PROBLEM: The material below should be copied line for line, please, with pictures omitted.

RAW DATA:
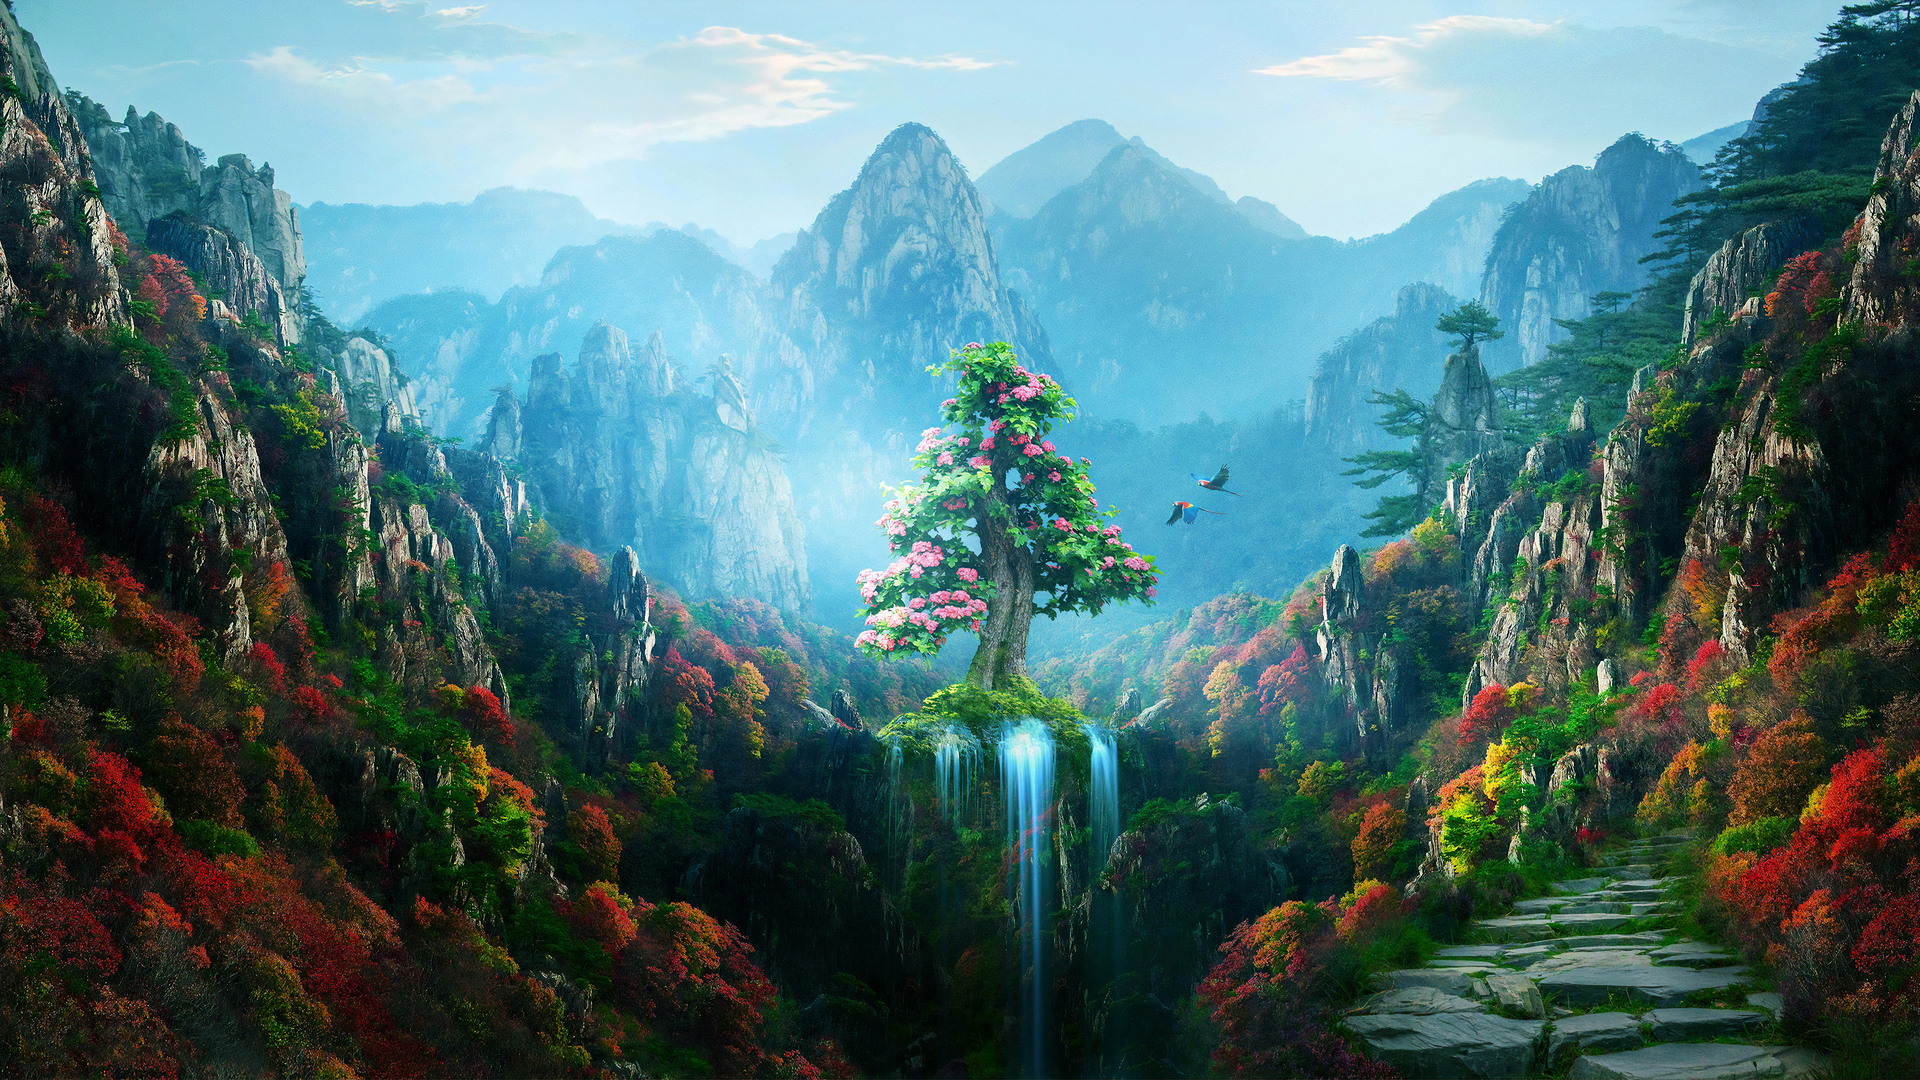 Wartamediaberita 1080p Full Hd Hd Wallpaper Nature 4k
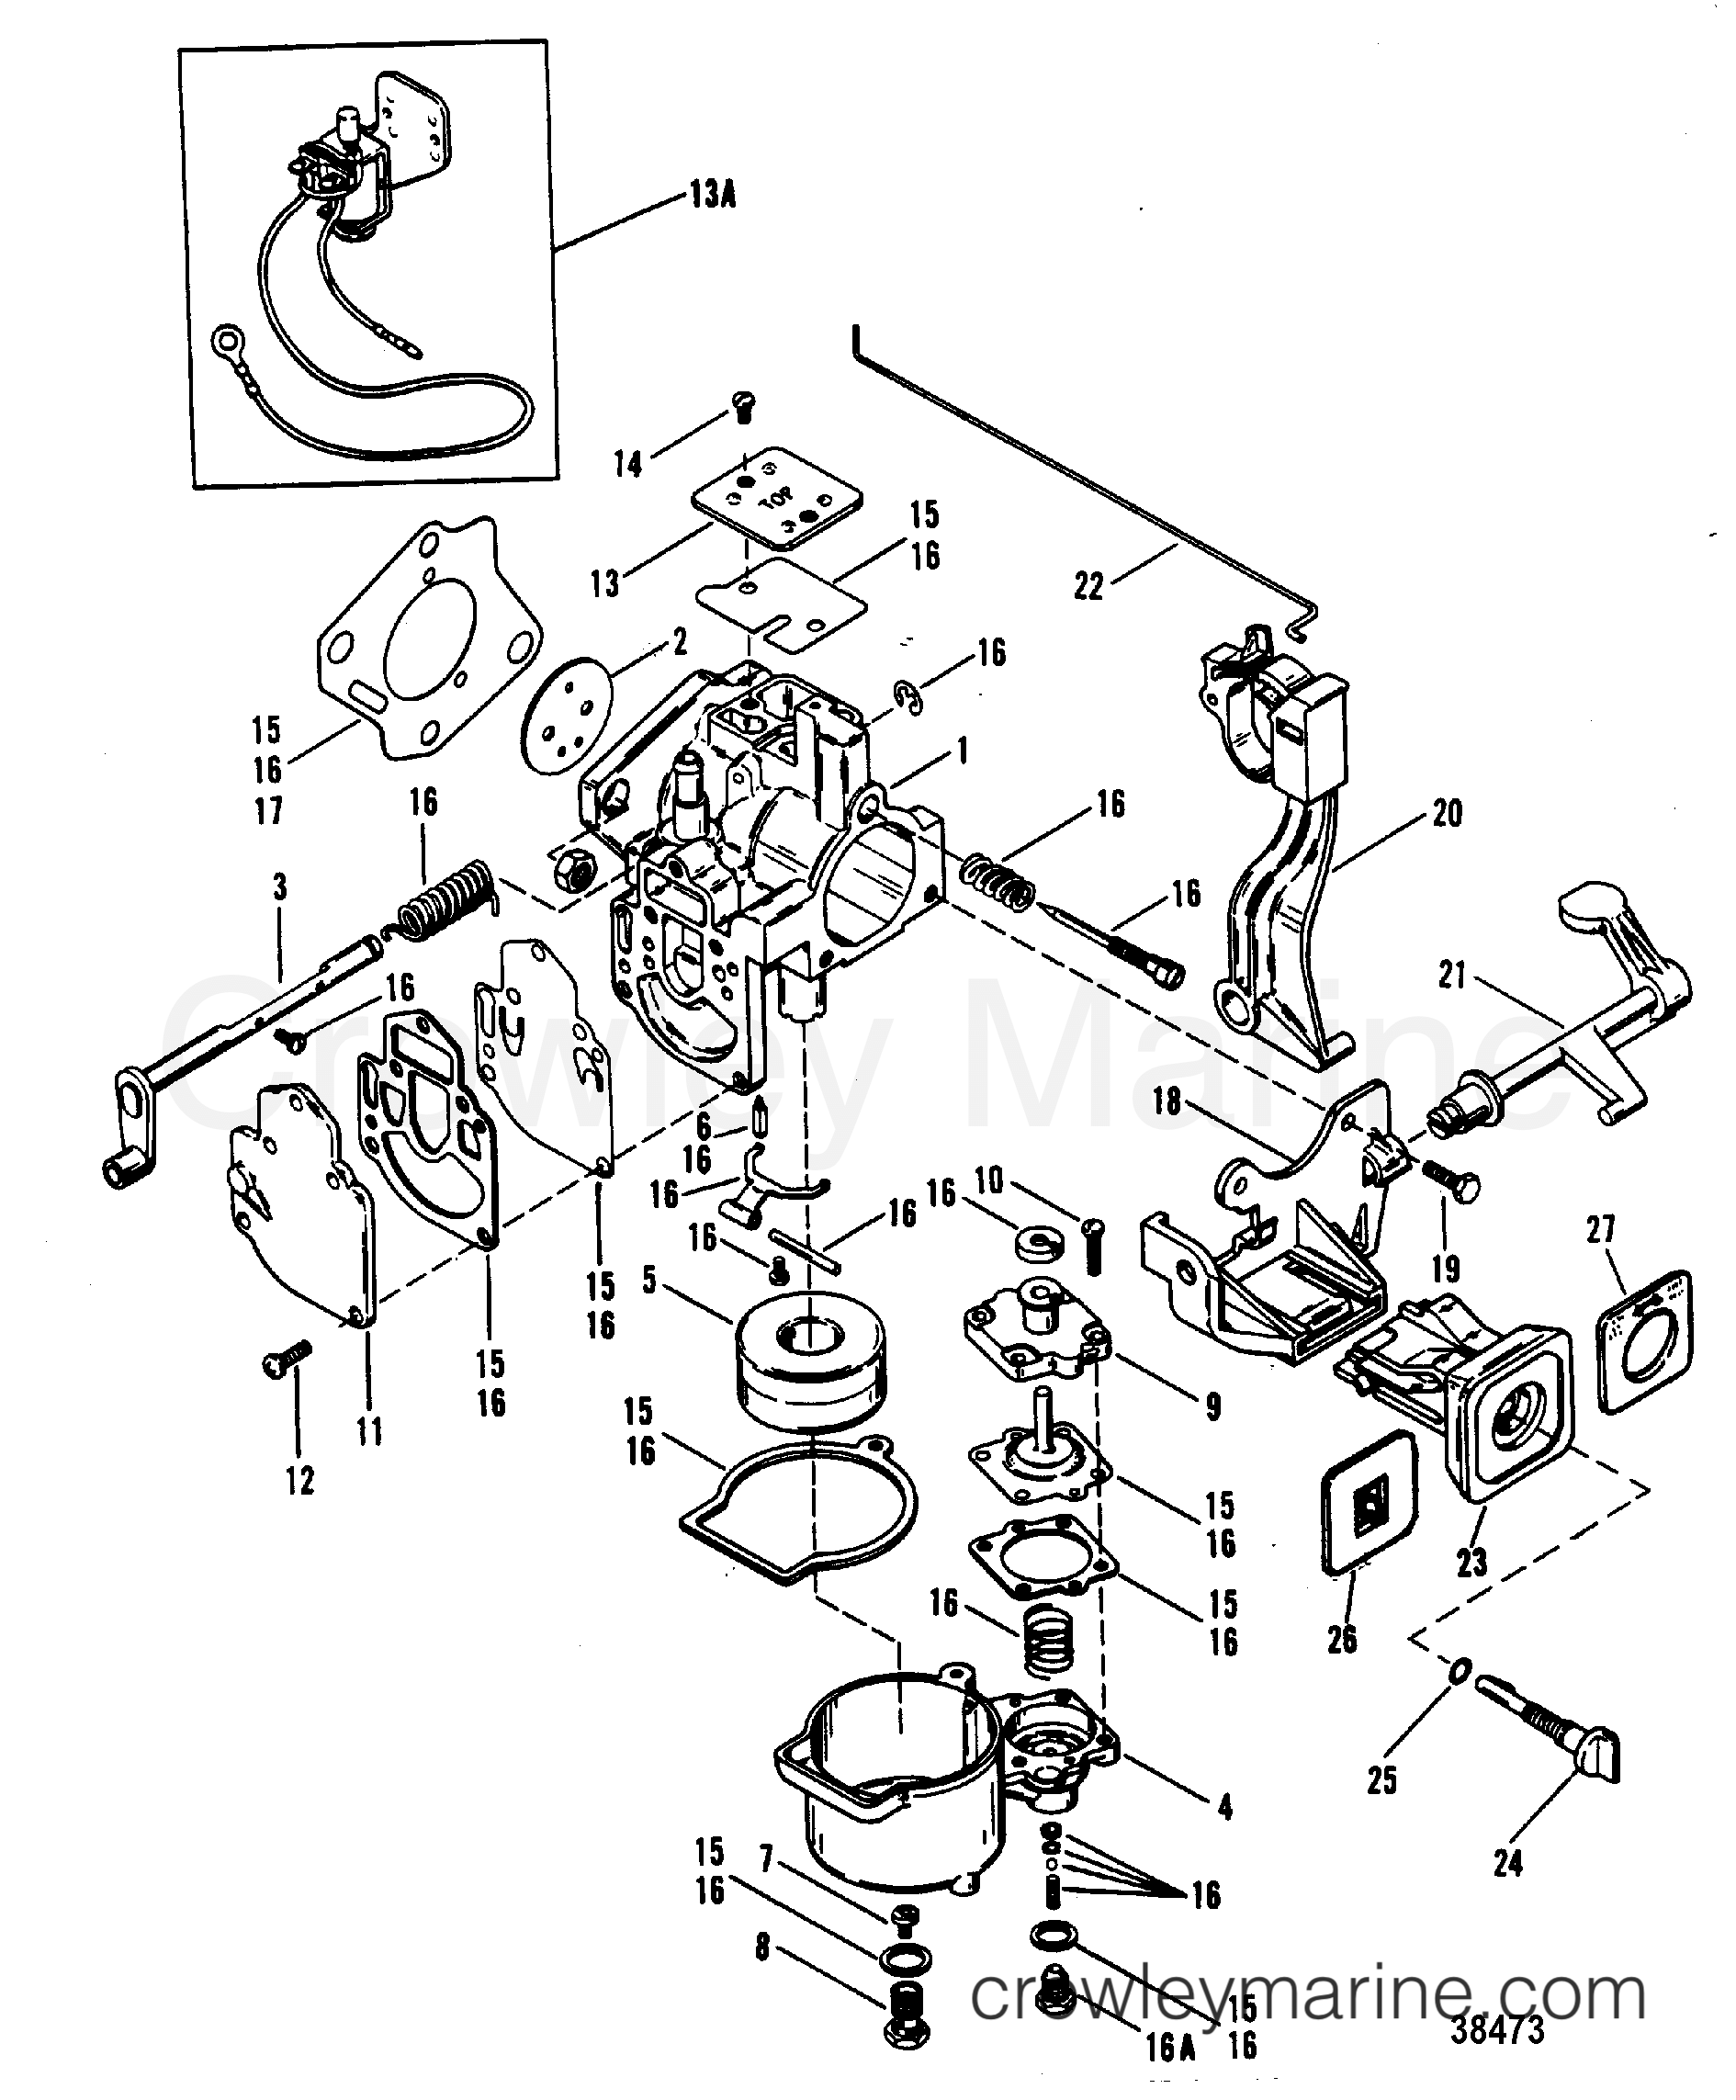 carburetor wmc 9 10 11 12 24 25 26 27 1977 mariner. Black Bedroom Furniture Sets. Home Design Ideas
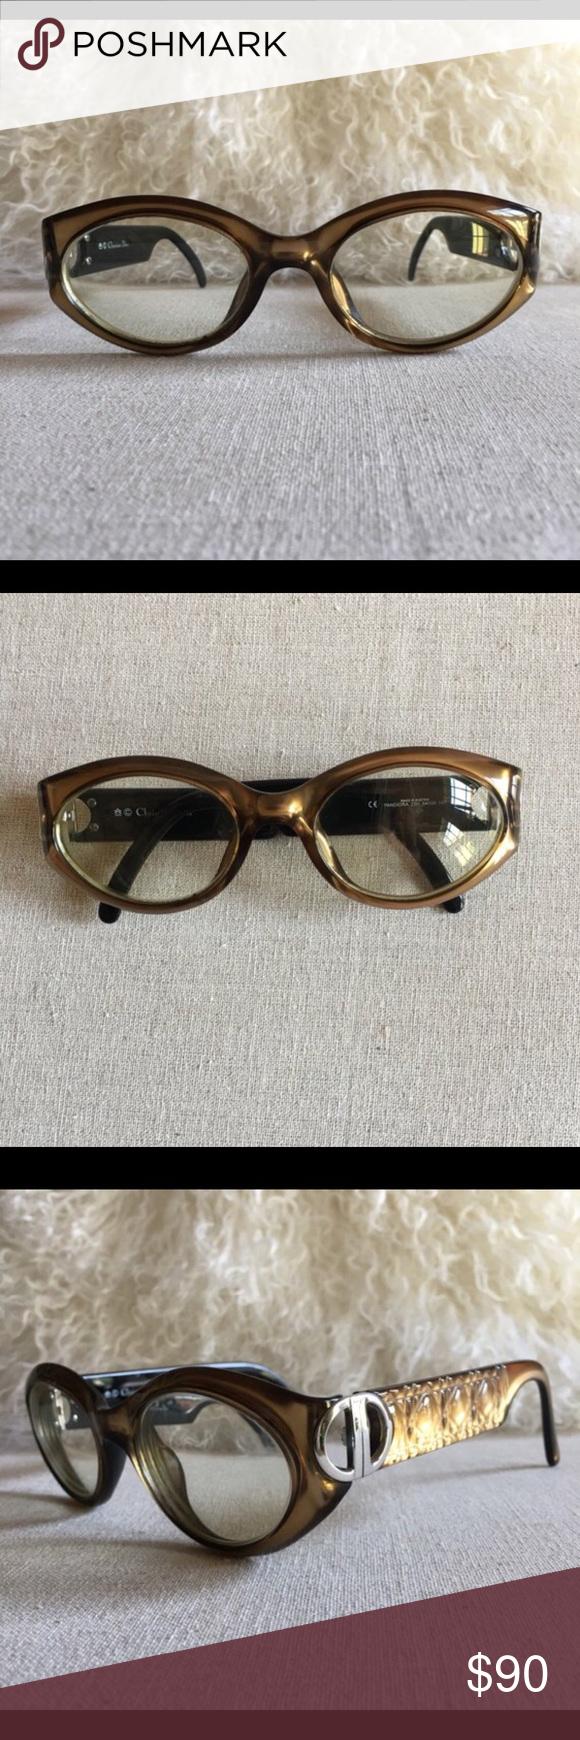 a6e41c3906b Vintage Christian Dior Khaki Gold Sunglasses These khaki bronzish gold eye  sunglasses by Christian Dior

ANSWER BELOW:
 Wartamediaberita 1080p Full Hd Hd Wallpaper Nature 4k
 carburetor wmc 9 10 11 12 24 25 26 27 1977 mariner. Black Bedroom Furniture Sets. Home Design Ideas
 a6e41c3906b Vintage Christian Dior Khaki Gold Sunglasses These khaki bronzish gold eye  sunglasses by Christian Dior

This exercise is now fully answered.